### [WHAT TO DO]
Copy the listing exactly, images excluded.

### [RECORDS]
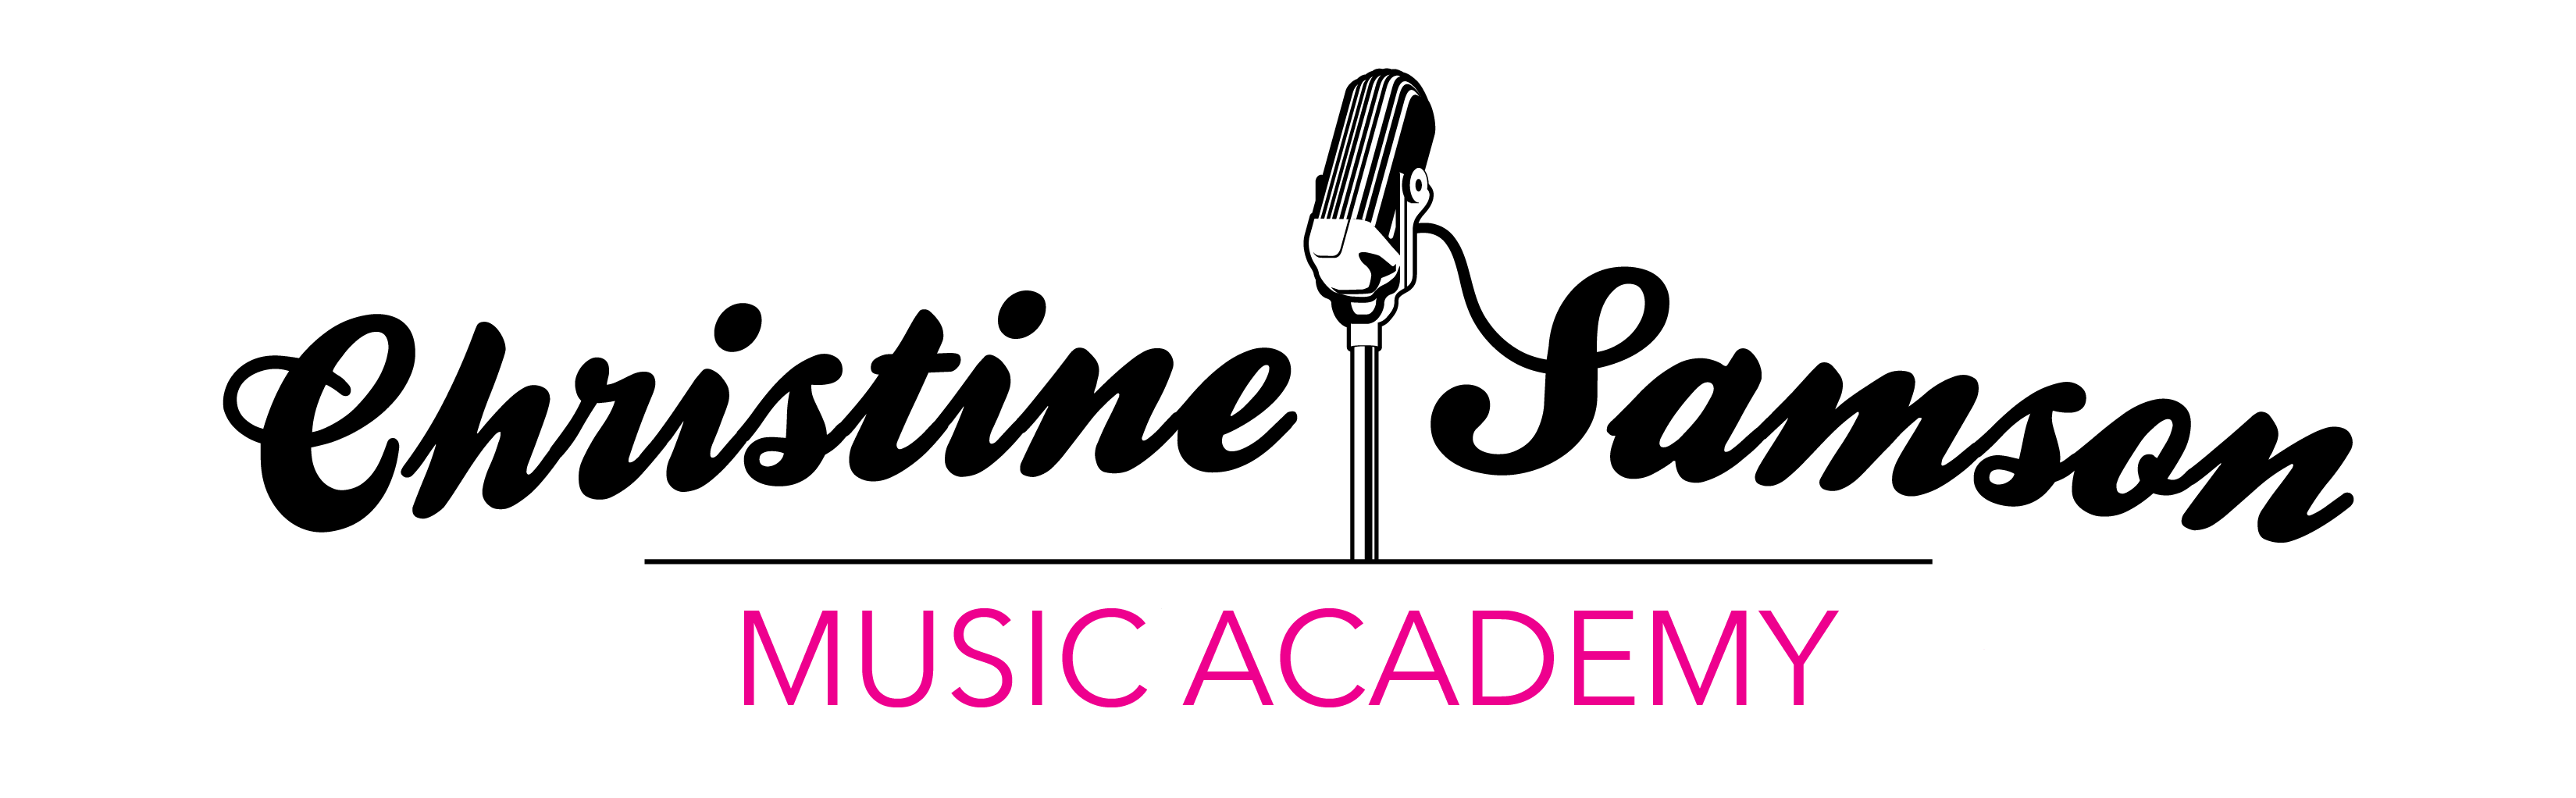 Christine Samson Music Academy
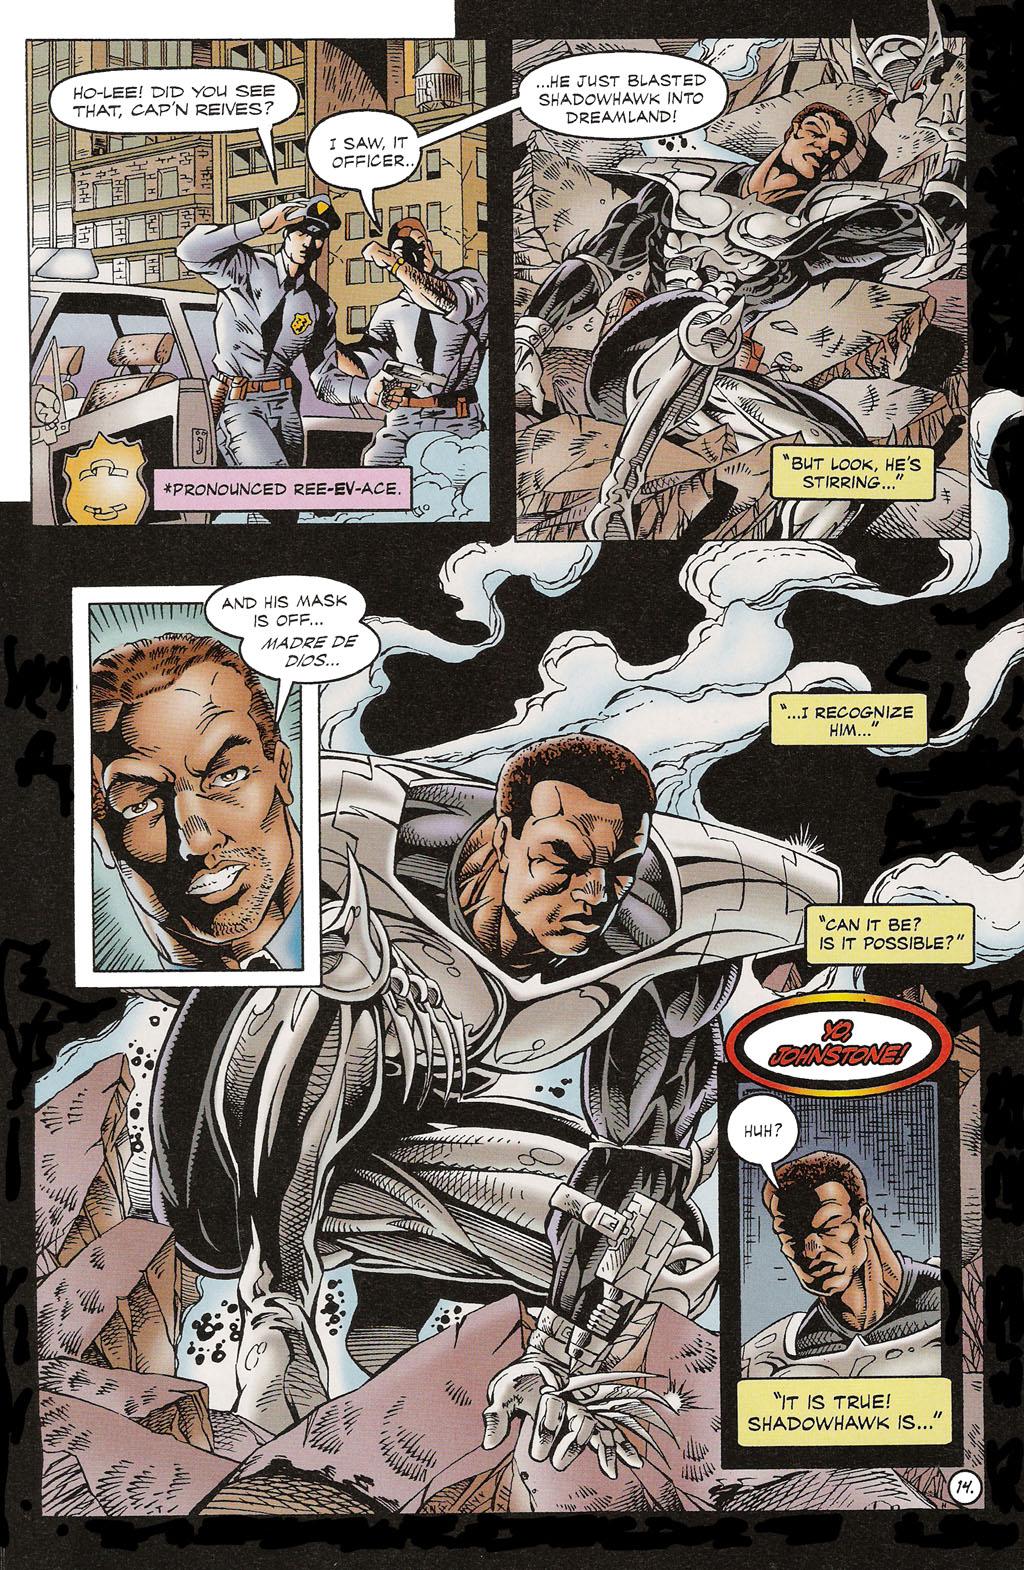 Read online ShadowHawk comic -  Issue #16 - 11
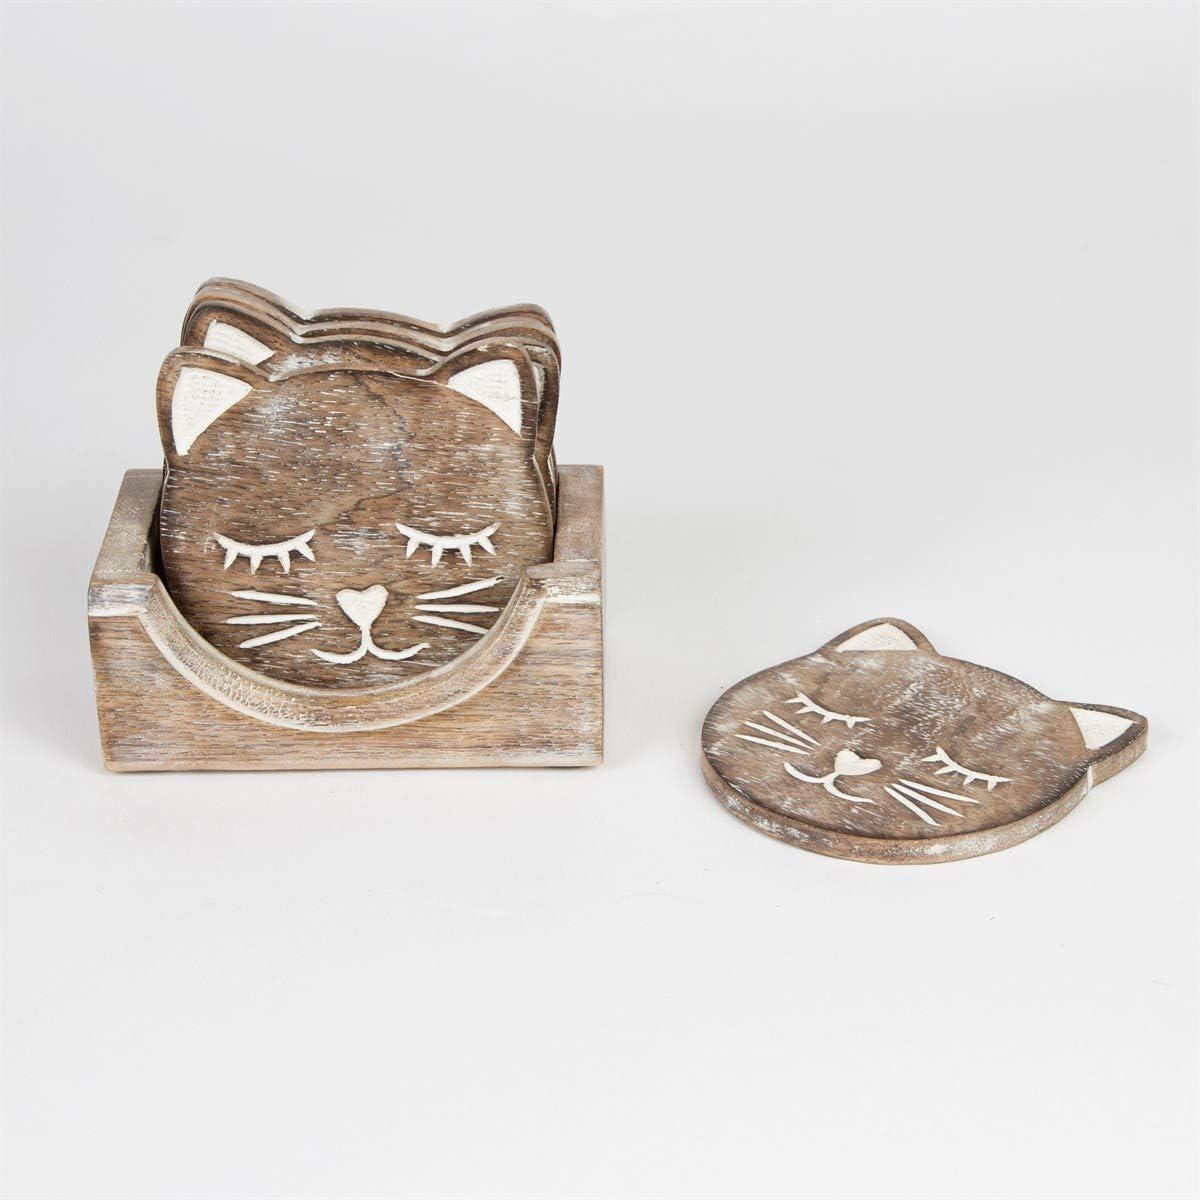 vino t/è gatto caff/è birra sottobicchiere tazze Indus Lifespace Sottobicchieri in legno per bevande
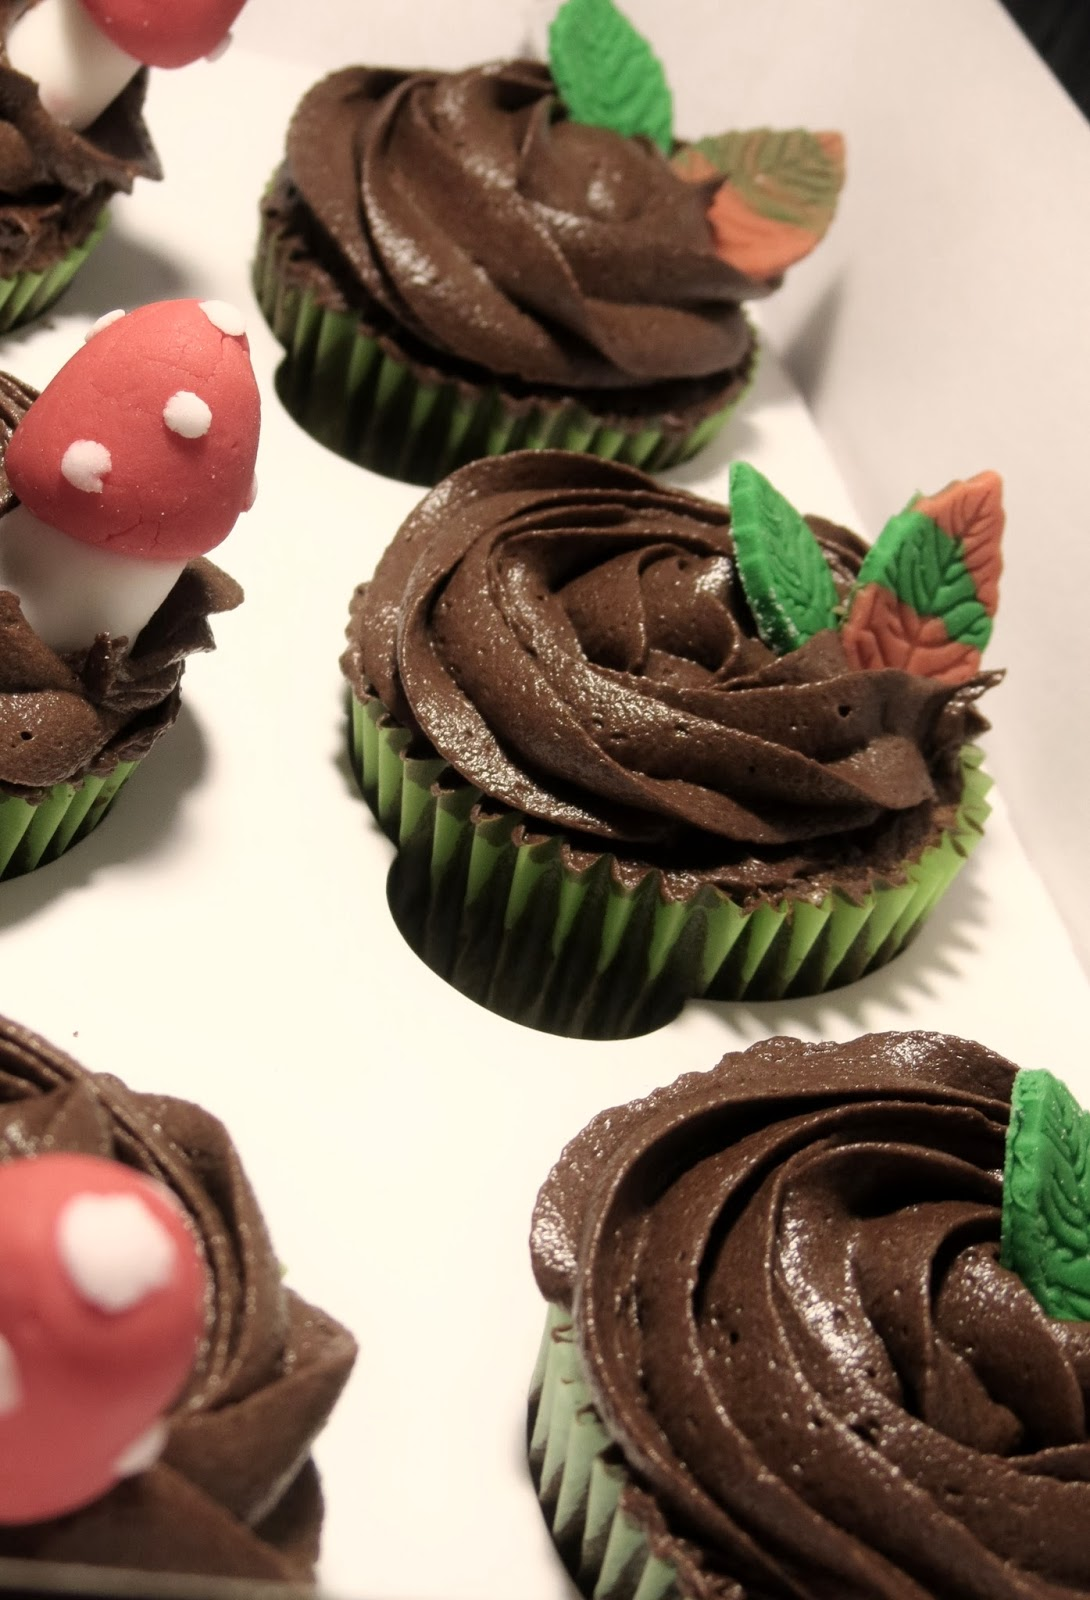 El teu cupcake, cupcake Lleida, cupcakes de xocolata
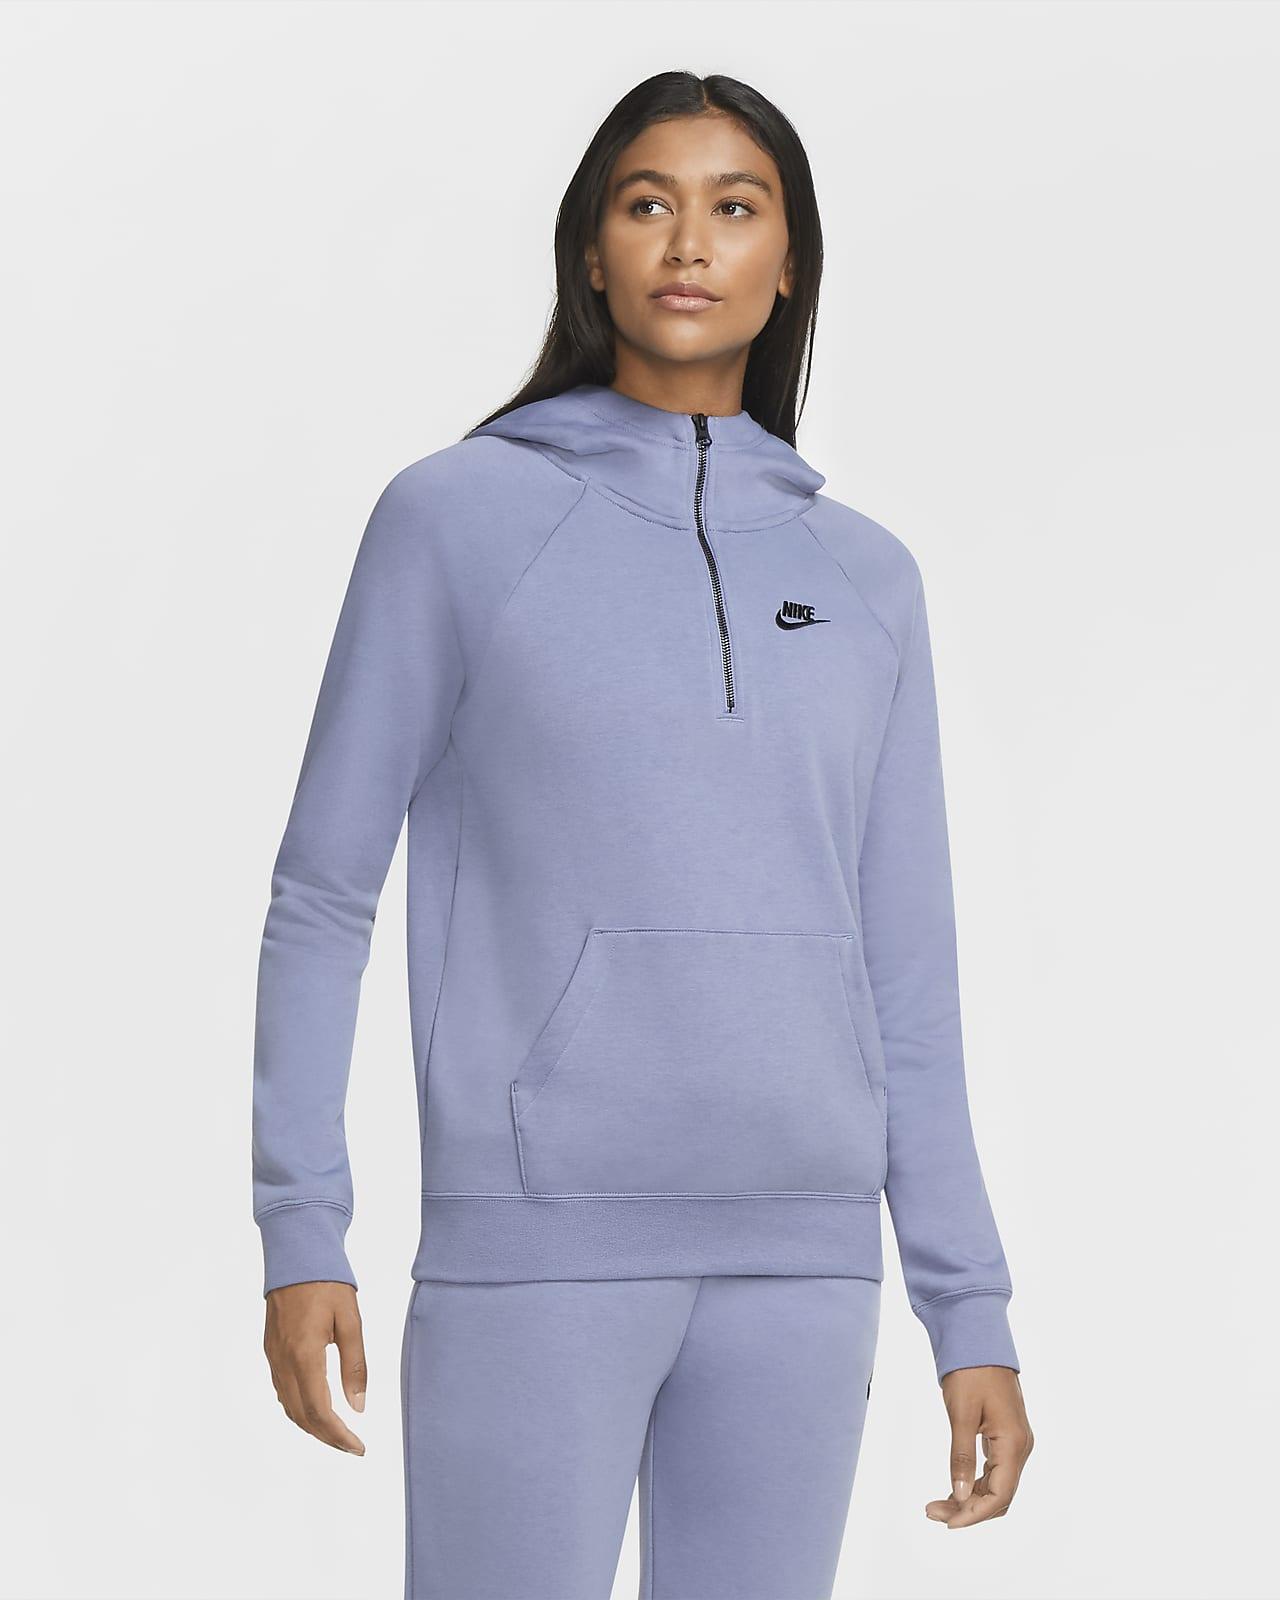 Nike Sportswear Essential Women's 1/4-Zip Hoodie

### [REPLY]
 Christine Samson Music Academy
 Read online ShadowHawk comic -  Issue #16 - 11
 vino t/è gatto caff/è birra sottobicchiere tazze Indus Lifespace Sottobicchieri in legno per bevande
 El teu cupcake, cupcake Lleida, cupcakes de xocolata
 Nike Sportswear Essential Women's 1/4-Zip Hoodie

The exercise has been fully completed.